Archive for March 30th, 2008
Enjoying Shower Time
Author: Ams
Showers are amazing. Not only do you get that awesome feeling of clenliness as warm water soothes your body, but it’s also alone time away from the world to think about anything and everything. As I stood in the tub yesterday under the water I thought about a friend I had talked to earlier in the day. She just broke up with her boyfriend and was understandably quite upset. I listened to her and then shared my experiences with Jack’s and my 3 (or 4?) breaks and one break-up during our four and a half years together. I told her how at the time it hurts like hell but after you scream and weep out all the overwhelming emotions you can face the deeper emotions and thoughts that you wouldn’t otherwise have access to. And once you deal with the second set of emotions and thoughts, you realize things about yourself, your (ex-) partner, and your relationship that you couldn’t really place your finger on before. I think she was relieved to hear that there is light at the end of the tunnel. Still, I couldn’t help but remember how I felt during that time…and it really was hell.

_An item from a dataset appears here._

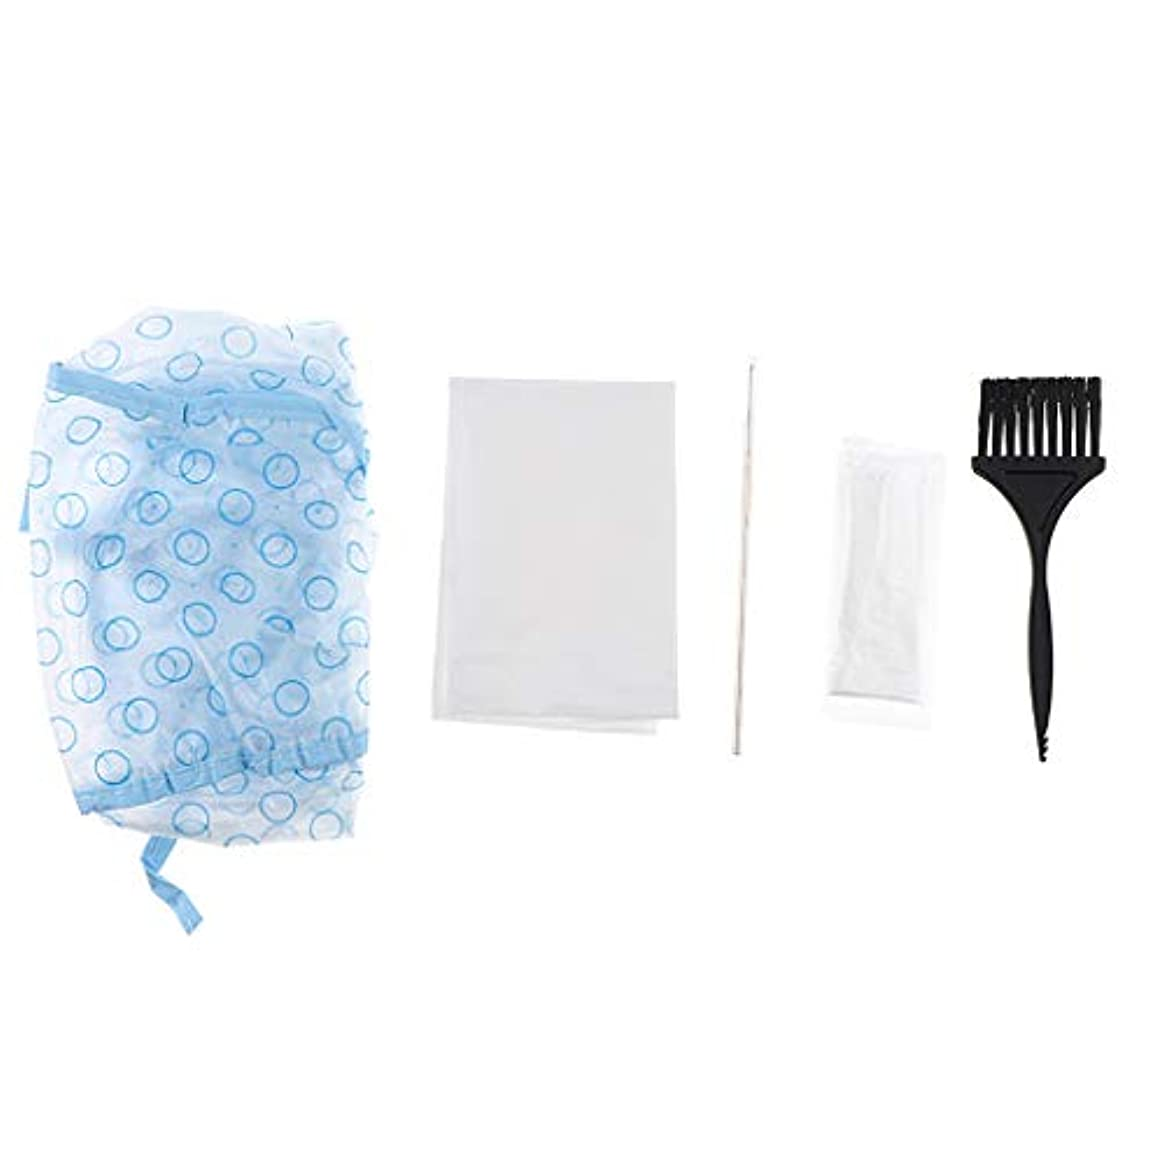 現実的思い出す代理店ヘアダイキャップ ヘアダイブラシ キャップ 手袋 ケープ 毛染めツールセット 5個

Thinking about this in the shower put things in perspective for me. Previously I didn’t really have high expectations for stereotypical relationship expectations (ie. material love, celebrating extravagantly, regulated romance), but after watching Sex and the City over the past few months, my expectations seemed to shift. It’s quite ridiculous when I think about it now. Why did I want what they had when really, they are so fucked up? How could I not see how much more healthy my relationship with Jack is where we actually had intimacy? Why did I want Jack to perform like all the pieces of meat the four women would bang…well, I can’t say that I ever wanted Samantha’s “love” life. I was mostly awed at Aiden. Damn that Carrie for being such a bitch. =P
While in the shower I asked myself what was the last romantic thing that Jack did for me. And of course I was trying to remember the stereotypical actions (ie. buying flowers or some other useless token that would eventually rot), and of course I couldn’t think of anything. So I asked myself what had Jack done recently that really touched me. Do you know what I thought of? The one time in my life when I was hung over and Jack took care of me. He cleaned up my puke, took care of me the next day (even though he had a killer migrane), and never once complained. Only someone who really loves you will do that. No amount of money can buy it. So I’m glad I don’t have money thrown at me, because I’ve got the real deal.
My friend asked me last week how I knew Jack was the one. I didn’t know how to articulate my feelings to her, but now I know I should have said: he loves me at my worst. Man, my heart feels so warm and fuzzy right now. ^_^
P.S. Don’t worry, I will never get that wasted ever again.